Claims
- 1. A method of data analysis, comprising,
(a) employing data comprising, a plurality of records, each of said records having an associated plurality of attributes, said plurality of records being divisible into at least two categories, (b) assigning as a class of one dimensional vectors one of, said records and said attributes, (c) selecting an integer value K, where K is a maximum number of uncorrelated vectors to be identified from said class of one-dimensional vectors, (d) selecting a threshold value, (e) choosing a first vector from said class of one-dimensional vectors as a member of an uncorrelated set of vectors, and (f) performing iteratively until substantially all vectors in said class of one-dimensional vectors have been analyzed,
(1) selecting an additional vector from said class of vectors, (2) computing a correlation parameter using said first vector and said additional vector, (3) comparing said correlation parameter to said threshold value, and (4) adding said additional vector to said uncorrelated set of vectors if said correlation parameter is not greater than said threshold value.

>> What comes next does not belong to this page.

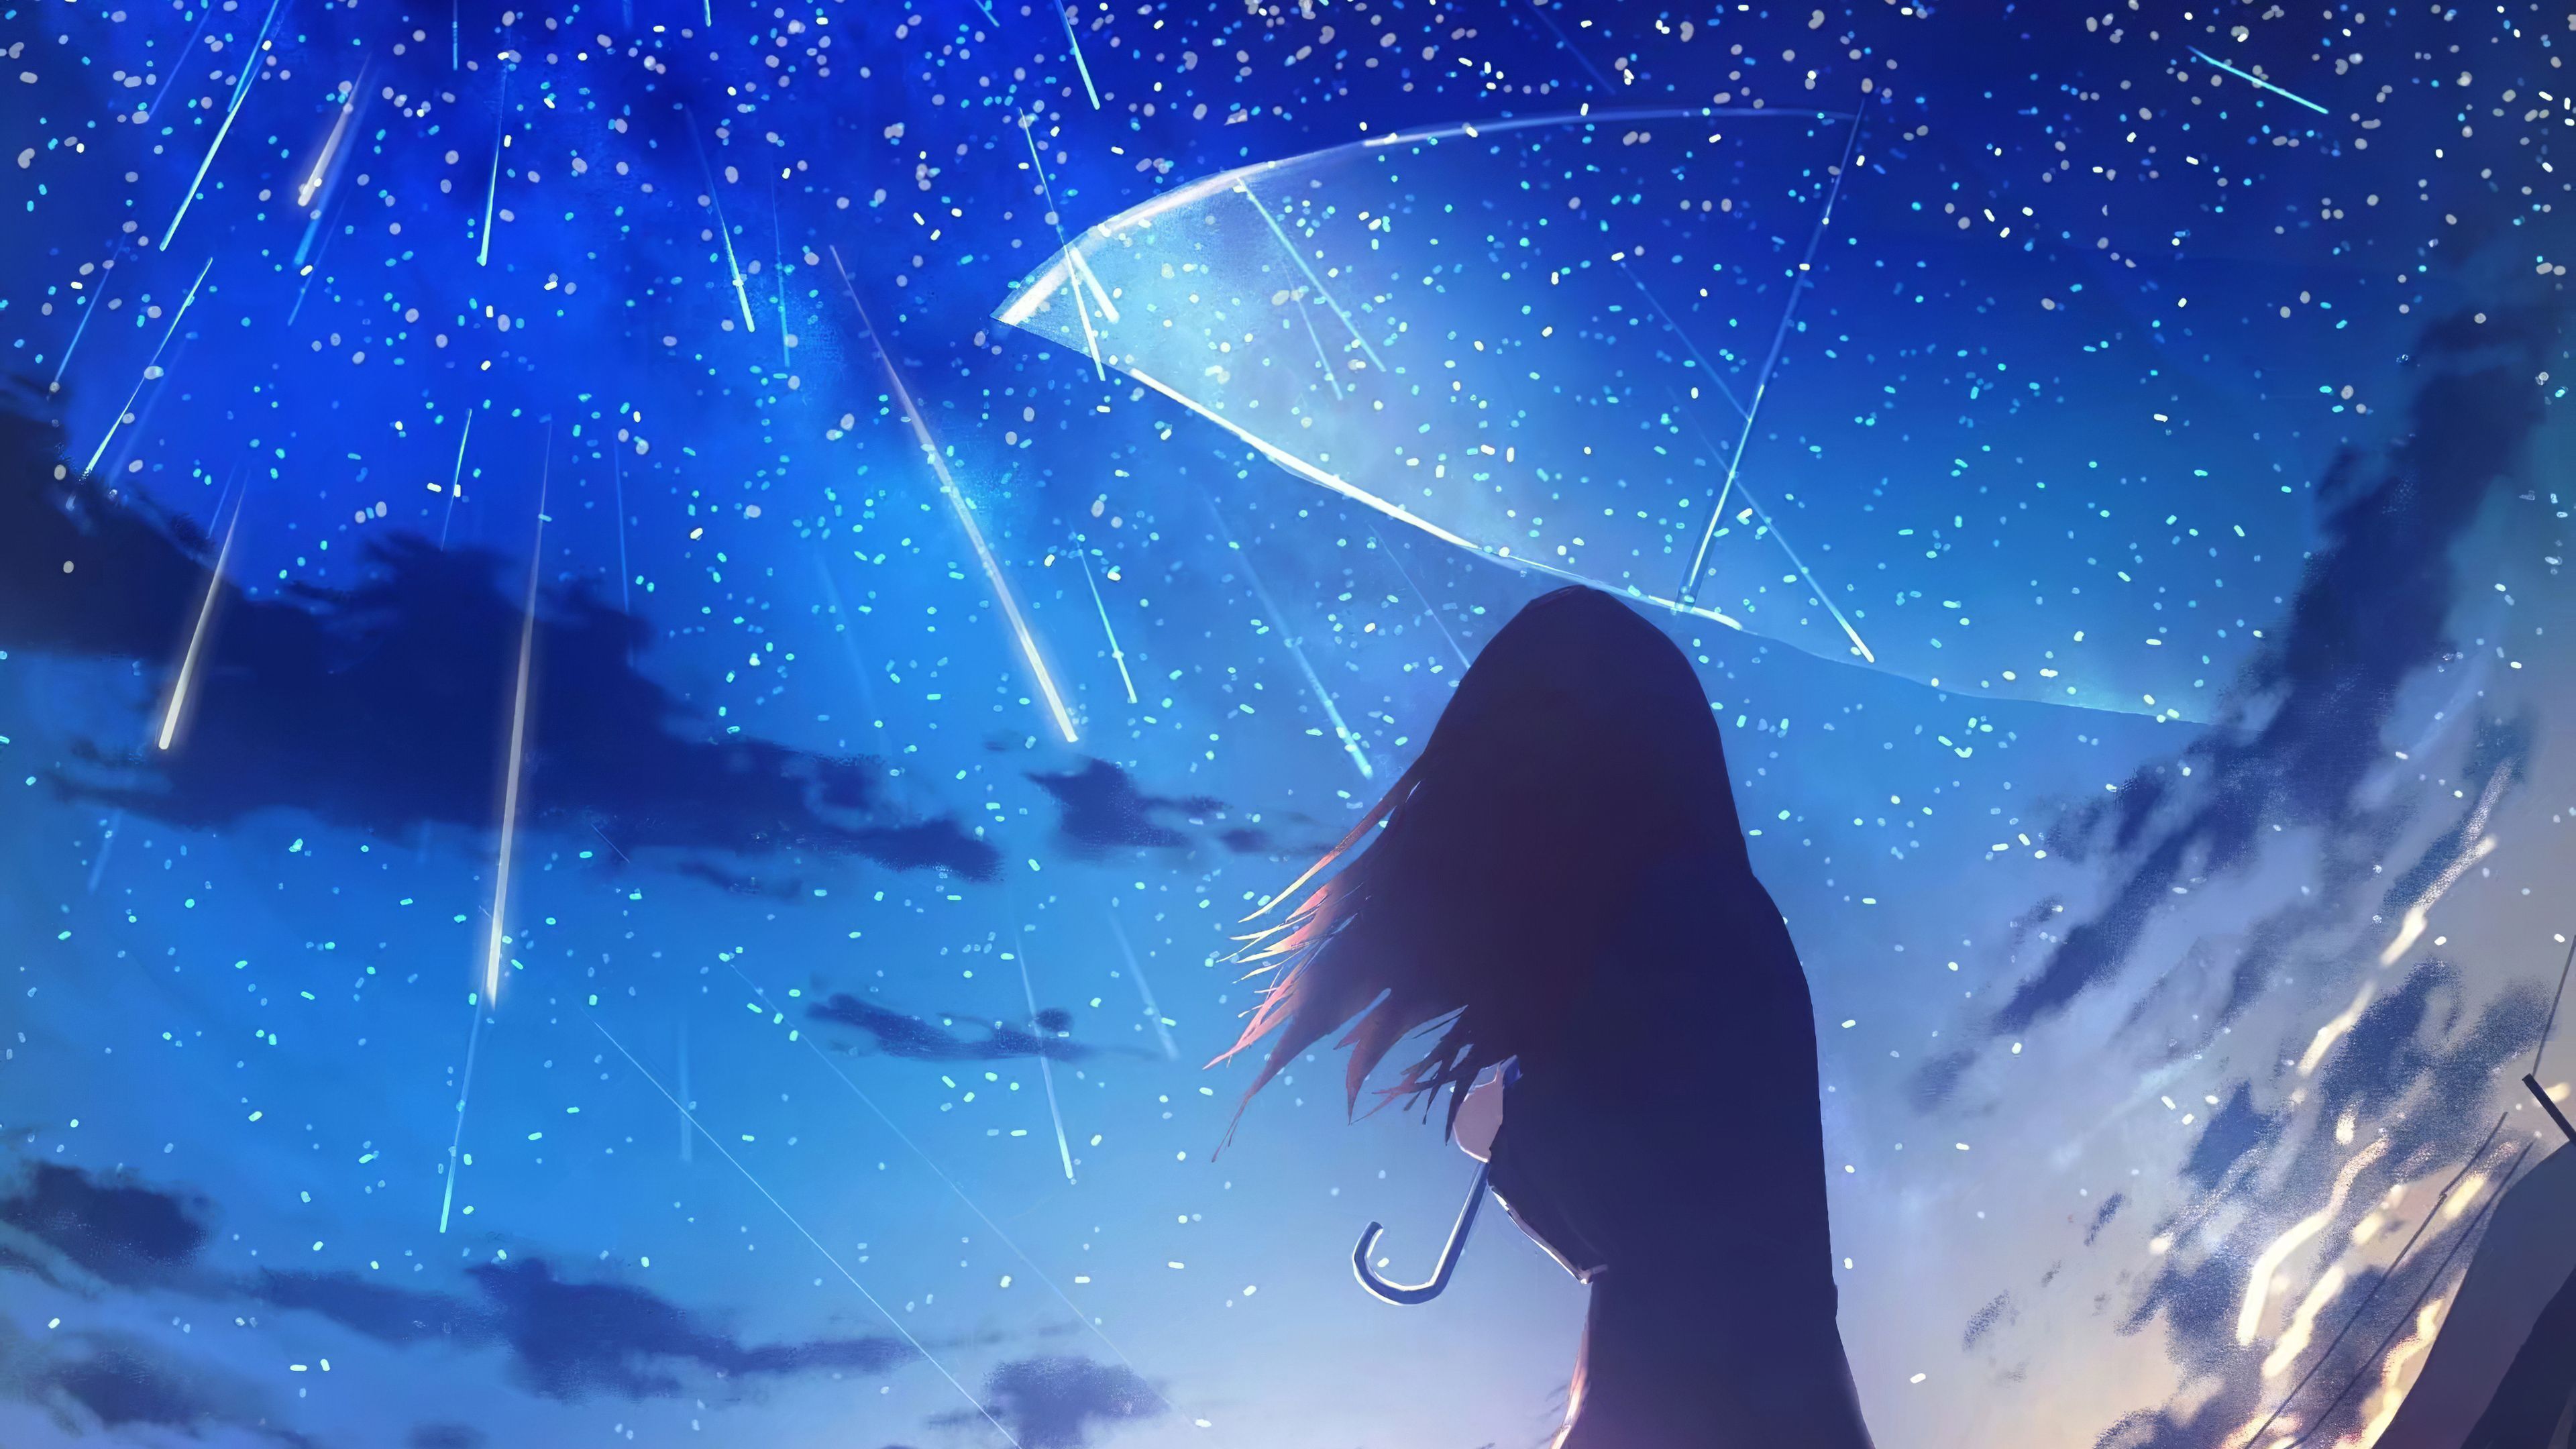 Anime Girl Umbrella Rain 4k, HD Anime, 4k Wallpaper, Image, Background, Photo and Picture

- 2. The method of claim 1 further comprising, determining, from said uncorrelated set of vectors, a result-effective subset of attributes that is sufficient to divide said records into said at least two categories.

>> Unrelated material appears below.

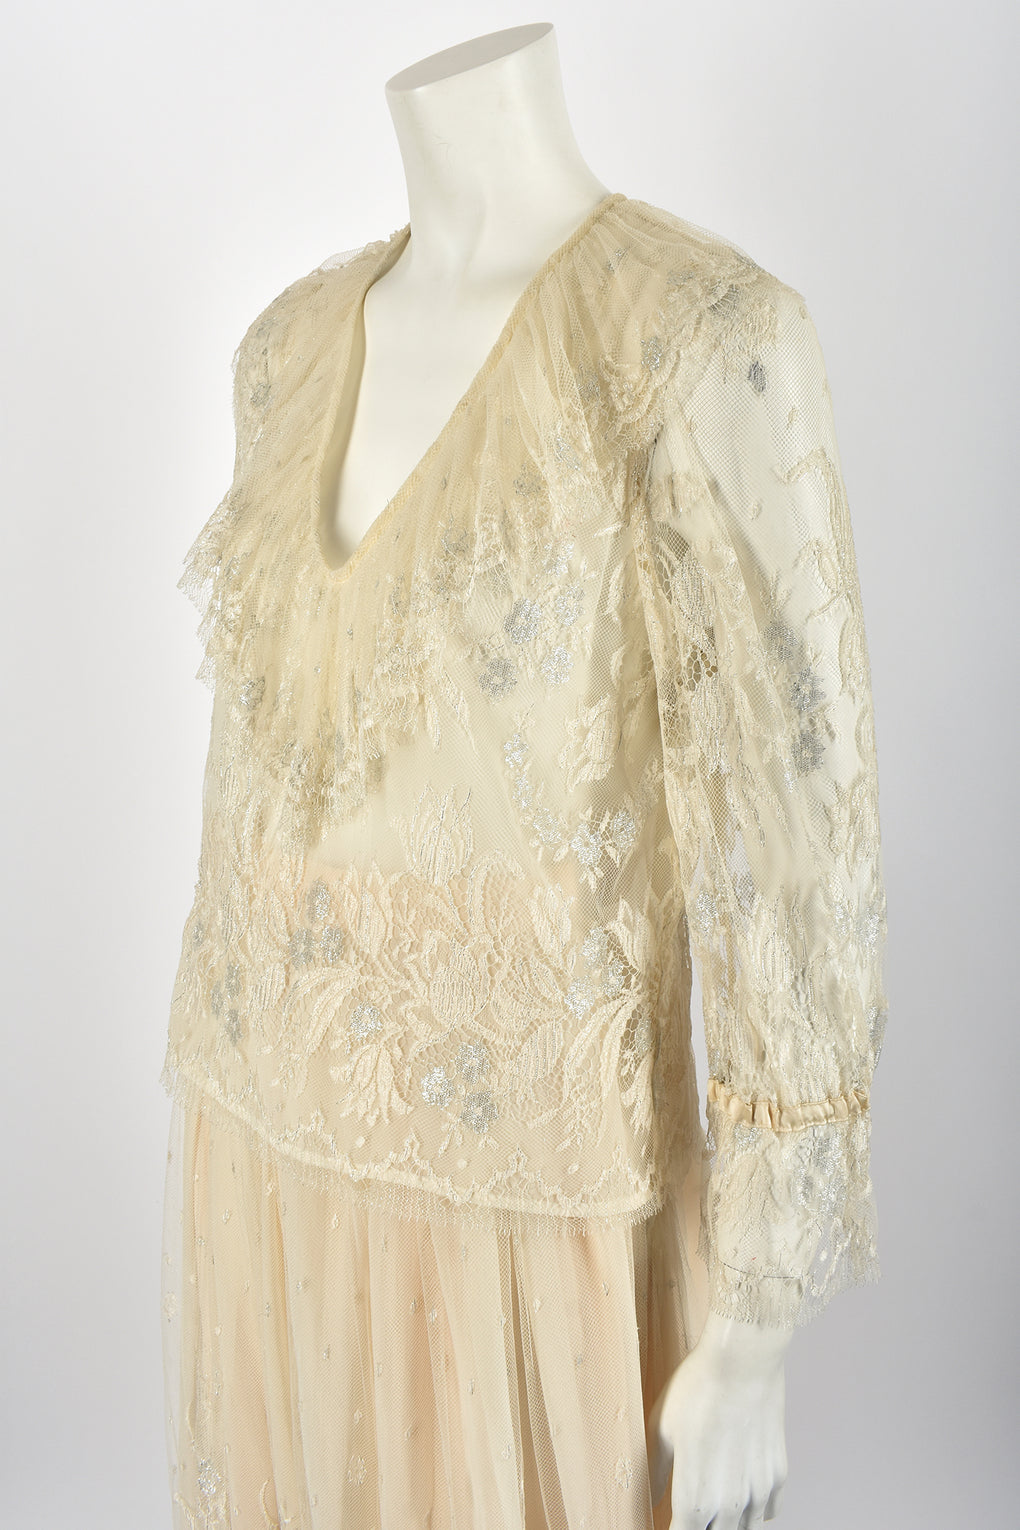 CAROLINE CHARLES lace blouse and skirt set / S-M

- 3. The method of claim 1, further comprising,
(g) determining whether there are more than K vectors in said set of uncorrelated vectors, (h) if there are more than K vectors in said set,
(1) repeating an integer N number of times steps (d), (e) and (f)(1) through (f)(4), (2) determining N sets of vectors that are uncorrelated, (3) determining whether any of said N subsets have less than or equal to K vectors, and (4) in response to such a determination, employing one of said N subsets having less than or equal to K vectors to determine a result-effective subset of attributes that is sufficient to divide said records into said at least two categories.
- 4. The method of claim 3 wherein N is 10.
- 5. The method of claim 3, further comprising,
(i) upon a determination that none of said N subsets has less than or equal to K members, reducing said threshold value and repeating steps (e) through (f)(4).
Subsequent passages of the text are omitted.